"WHEN THE WINDS OF GOD BLOW"

"Then, when the winds of God blow, we shall not hug our tatters close about us." These words of Mary Baker Eddy's on page 201 of her textbook, "Science and Health with Key to the Scriptures," came to a student of Christian Science while she was standing enjoying a fresh sea breeze coming through the open window of her house in a very hot country. And just as the wind blew away the heat from her warm face, the spiritual contemplation of this sentence blew away the heat of material ponderings she had allowed to weigh upon her thoughts during the day.

When in the quietness of spiritual light she began to analyze her thinking to see what had made her hug the tatters of negative, unfruitful brooding close about her, the student could plainly see it had been fear, or lack of faith in the omnipresence of God, good. Mrs. Eddy speaks of fear and heat as synonymous, and in the Glossary of Science and Health (p. 597) she defines "wind," in part, as "that which indicates the might of omnipotence and the movements of God's spiritual government, encompassing all things."

How important, then, that we take care to stay in the winds of "God's spiritual government," rather than submit ourselves to any belief of heat with all the irritations attached to it! For what else is heat in the light of divine Science but thoughts of ignorance, friction, and fear, whether manifested on the body or in so-called climate. Heat is unknown in the universe of the one Mind, where the friction of conflicting motives is nonexistent because impossible.

How grateful the student was for the revelation which came through the open window of her consciousness with the recognition of the winds of God's omnipotence! It enabled her to see through suppositional mortal mind's disguise and to drop the tatters of fettered conception for the unlimited aspects of unchanging reality.

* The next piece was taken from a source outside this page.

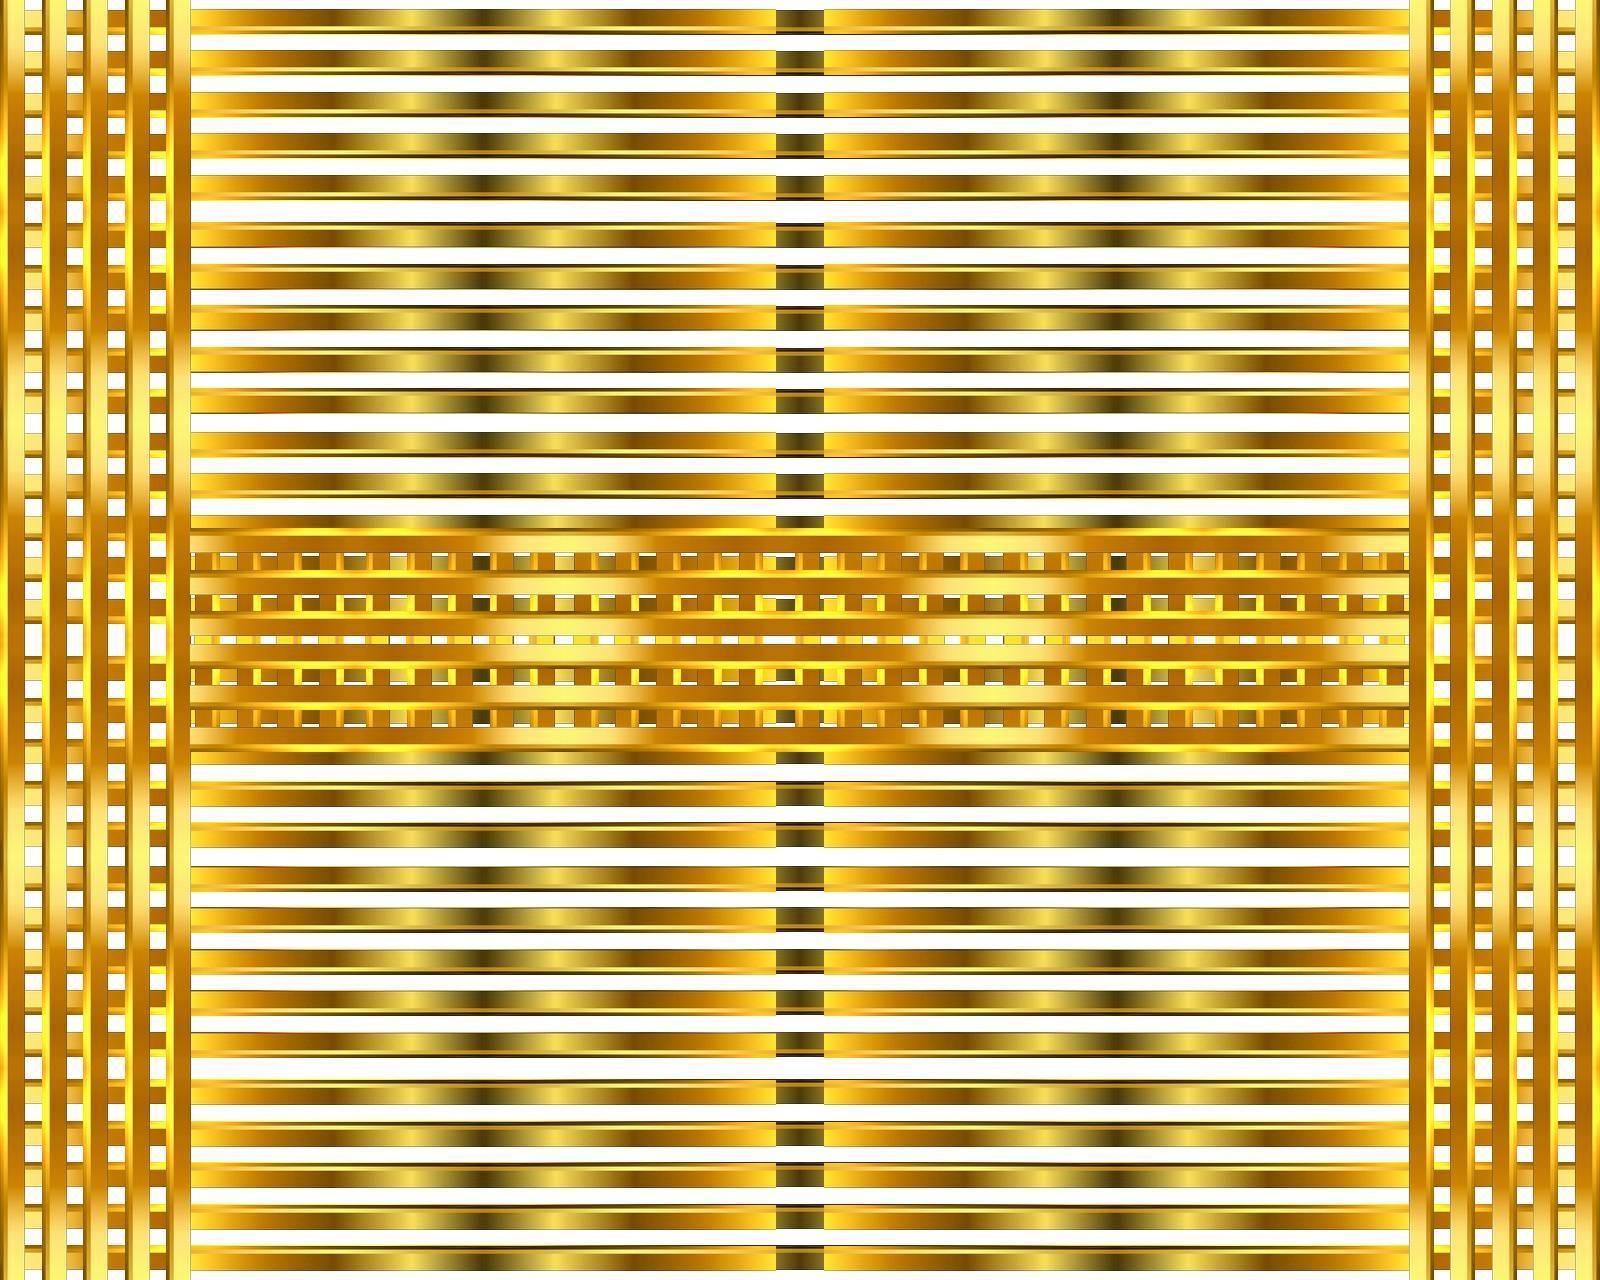 Gold H

In Article VIII, Section 6, of the Manual of The Mother Church by our Leader we read, "It shall be the duty of every member of this Church to defend himself daily against aggressive mental suggestion, and not be made to forget nor to neglect his duty to God, to his Leader, and to mankind." As students of Christian Science we need to resist daily the beliefs which mortal mind says constitute atmosphere, lest we be deceived by them and become their victims. There is but one Mind, expressing itself as one indivisible whole. Therefore no claim of friction, and consequently of heat, can originate where only the oneness of God and His ideas is involved. As we understand this, the divisions on earth and among men are seen for what they really are: confusing pictures of the so-called carnal mind, which should be vigorously opposed.

The second commandment says (Ex. 20:4), "Thou shalt not make unto thee any graven image, or any likeness of any thing that is in heaven above, or that is in the earth beneath, or that is in the water under the earth." May not this be interpreted metaphysically to mean: Thou shalt not entertain any human concept of the unlimited?

We know that in place of material belief in all its manifestations exist eternal verities. If, therefore, we keep the true and unlimited concept of something in thought, we demonstrate unchanging reality. If, however, we keep a limited, or unreal, concept of something in thought, we are subject to change. What we really have—home, peace, health, happiness—cannot be taken from us. Our only need to prove this is to turn away from the limited material concept to the unlimited spiritual fact. "Then, when the winds of God blow, we shall not hug our tatters close about us," but, as Paul advised the Galatians (5: 1), we shall "stand fast ... in the liberty wherewith Christ hath made us free," and not be "entangled again with the yoke of bondage."